Your answer must be the full listing below, restated word for word, with no pictures in it.

-- Information shown follows --

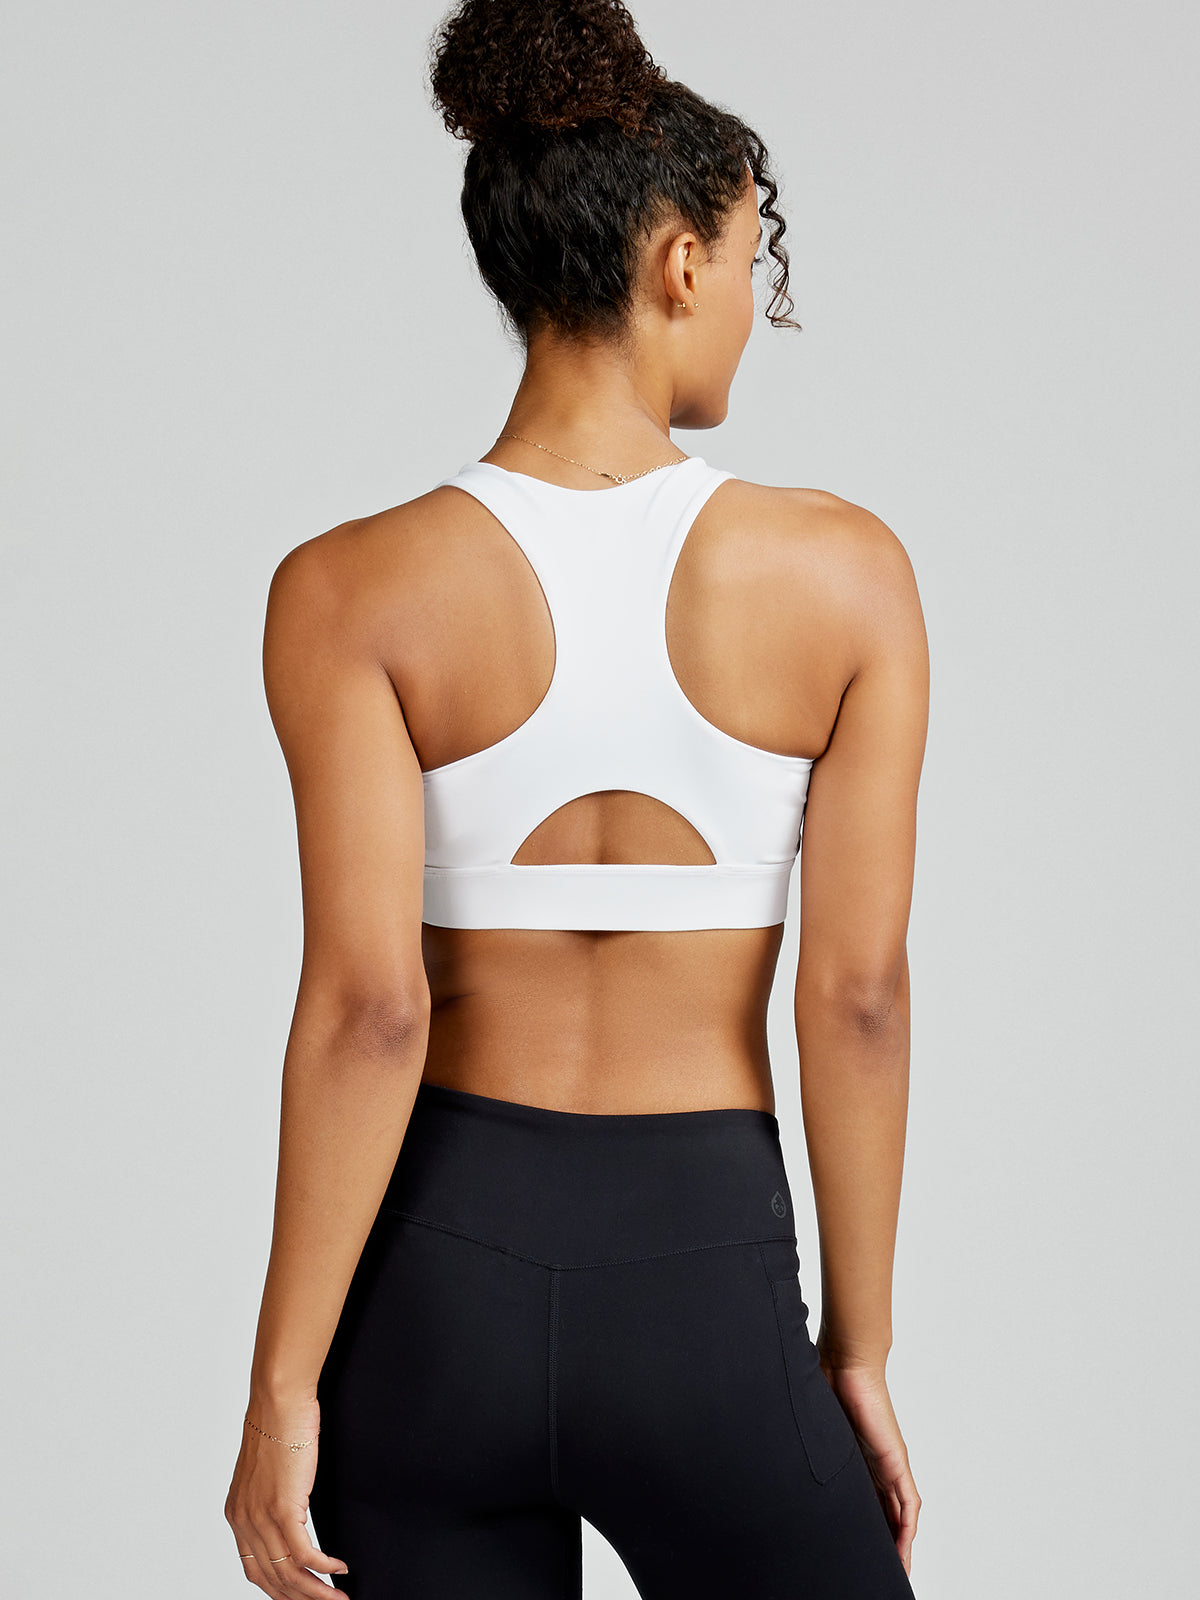 Introducing the Nike Pro Bra Collection 
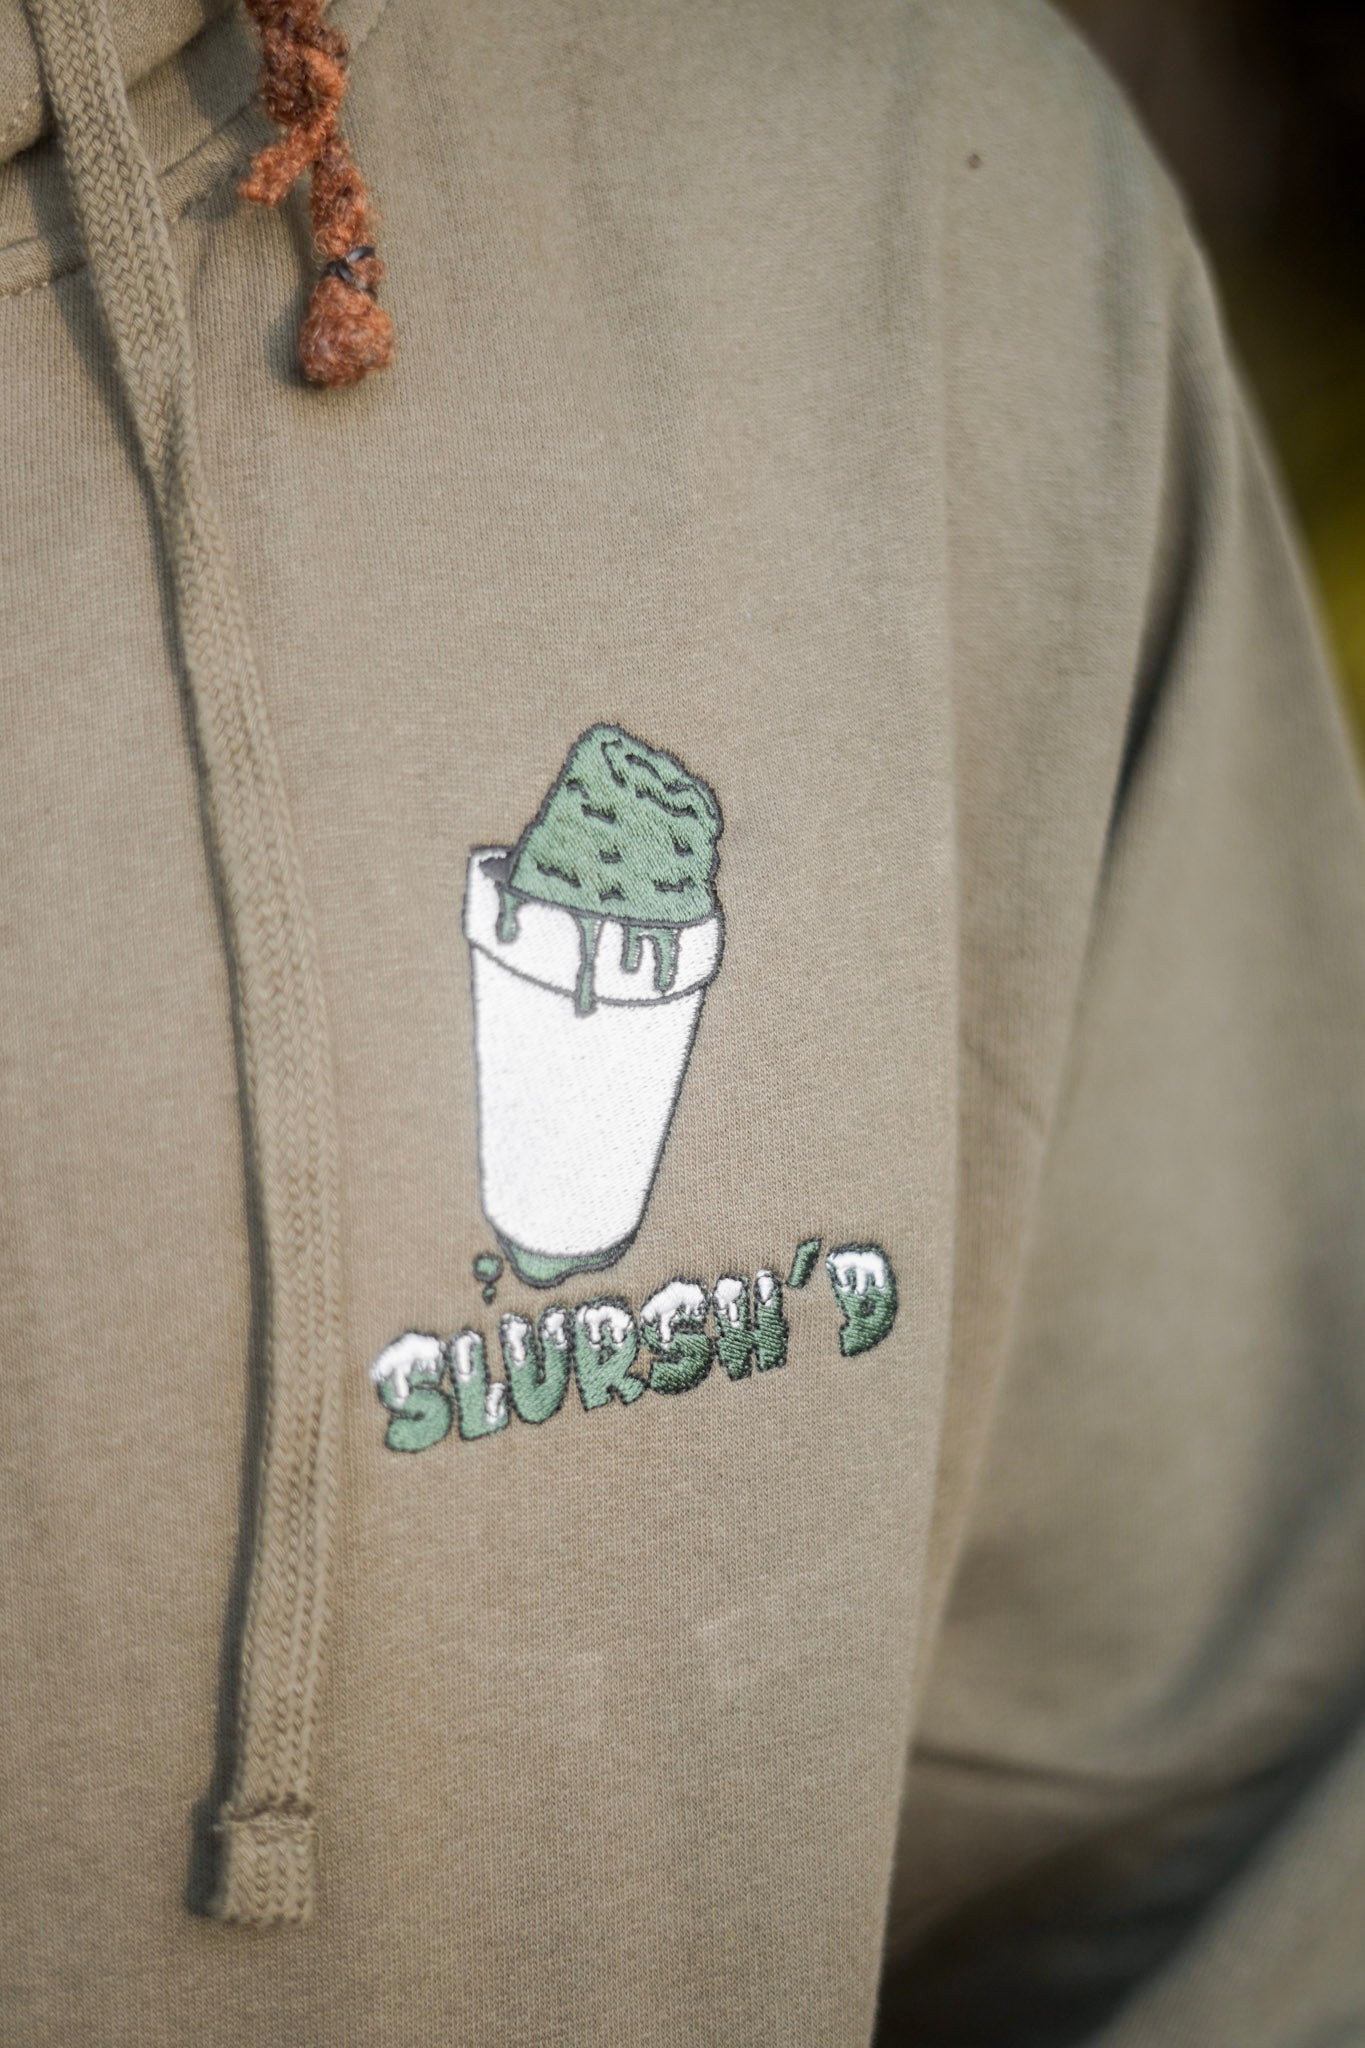 "CUPS UP" EMBROIDERED HOODIE
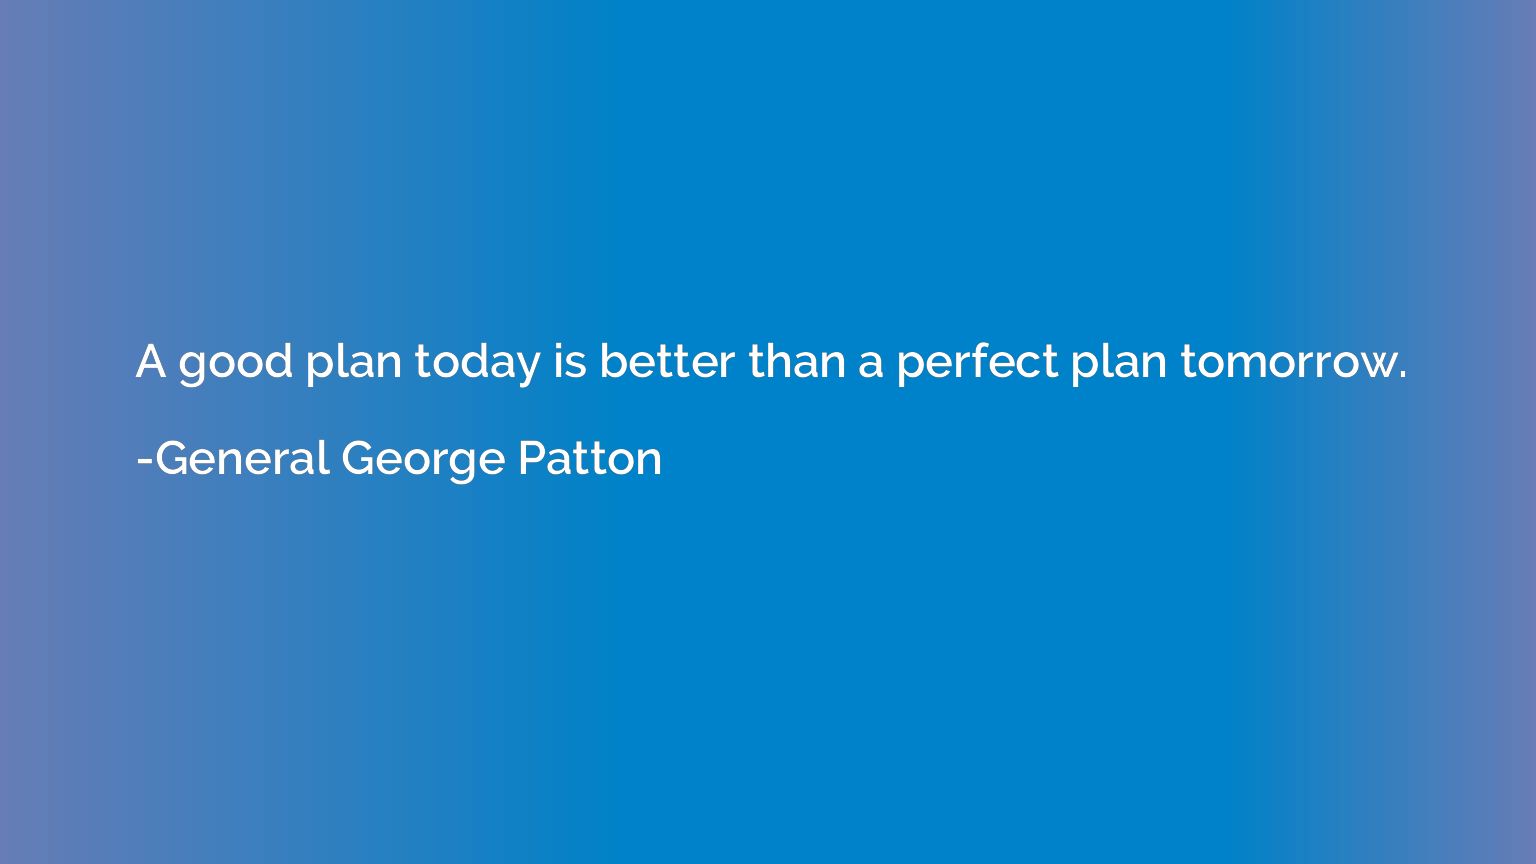 A good plan today is better than a perfect plan tomorrow.
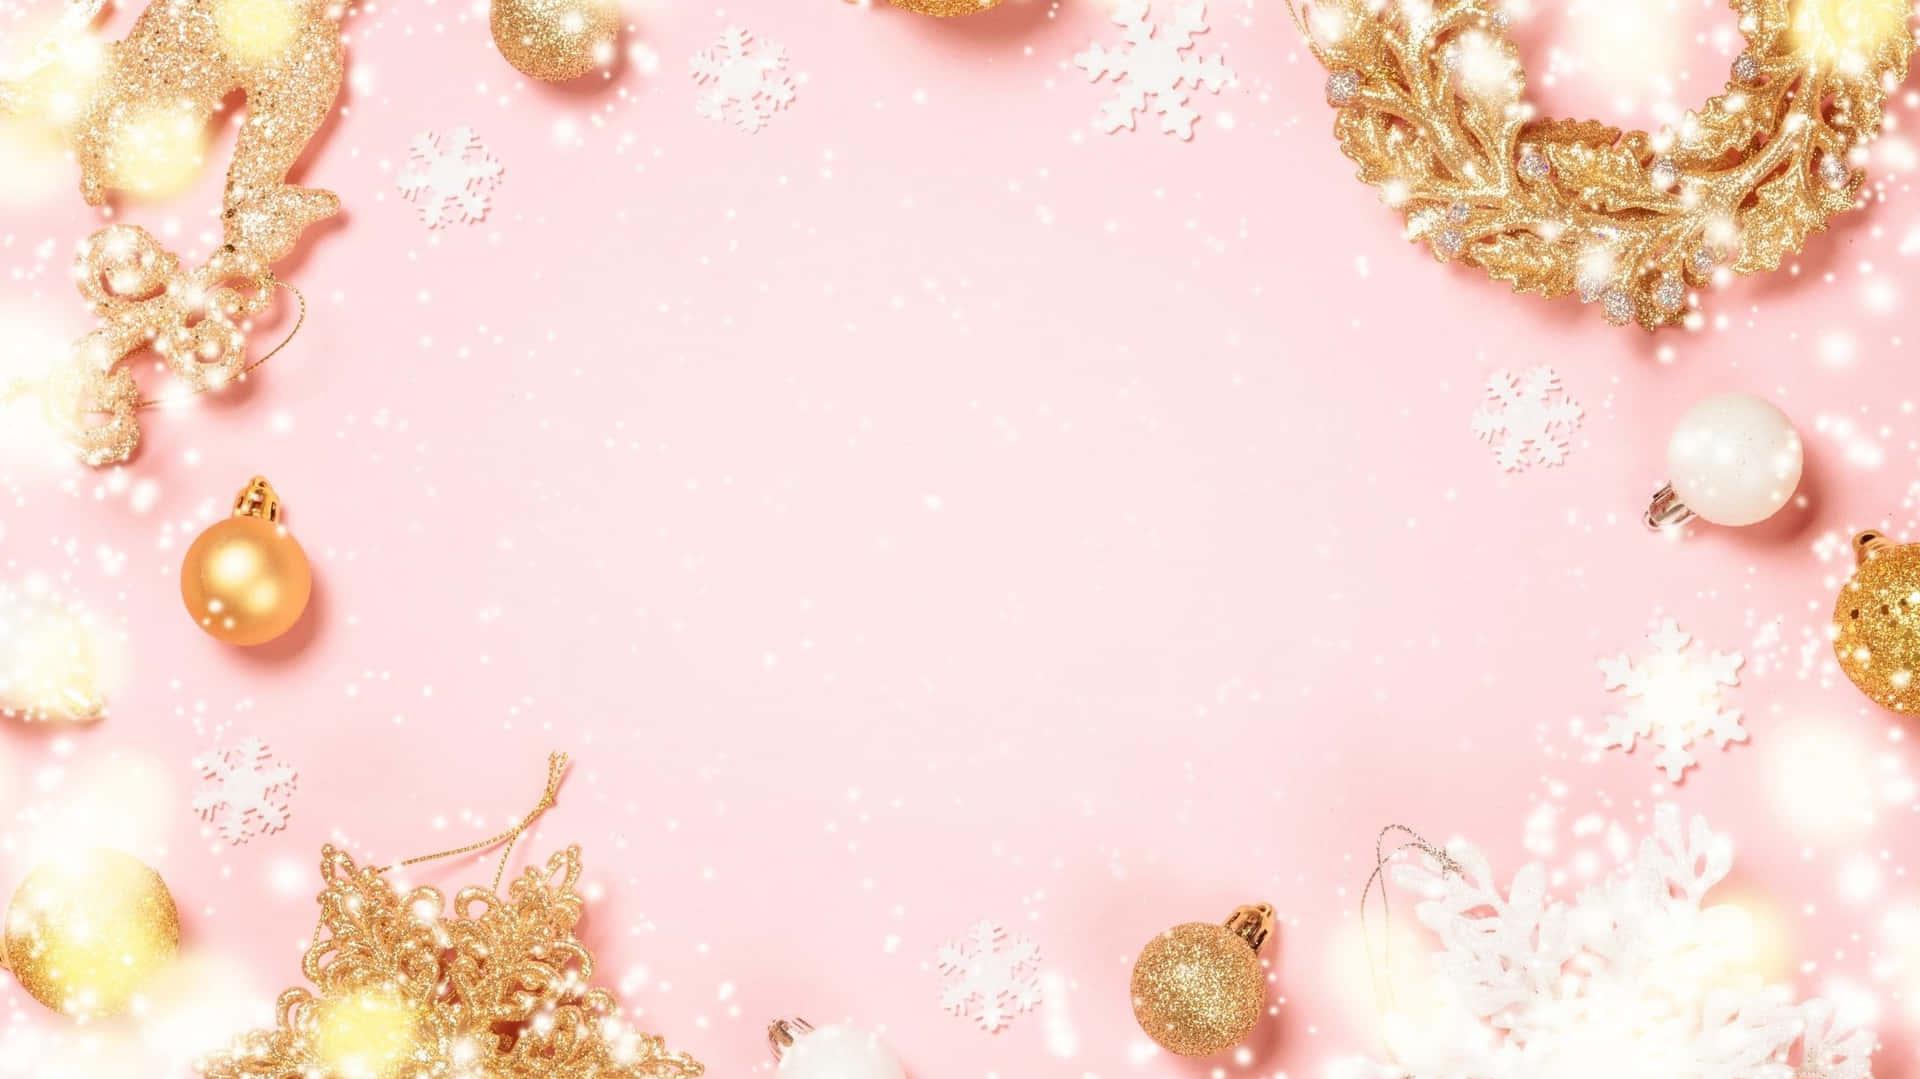 Christmas Background With Gold Decorations On Pink

-- Information shown concluded --

• [Answer area]:
 Introducing the Nike Pro Bra Collection 
 "CUPS UP" EMBROIDERED HOODIE
 A good plan today is better than a perfect plan tomorrow.
 Christmas Background With Gold Decorations On Pink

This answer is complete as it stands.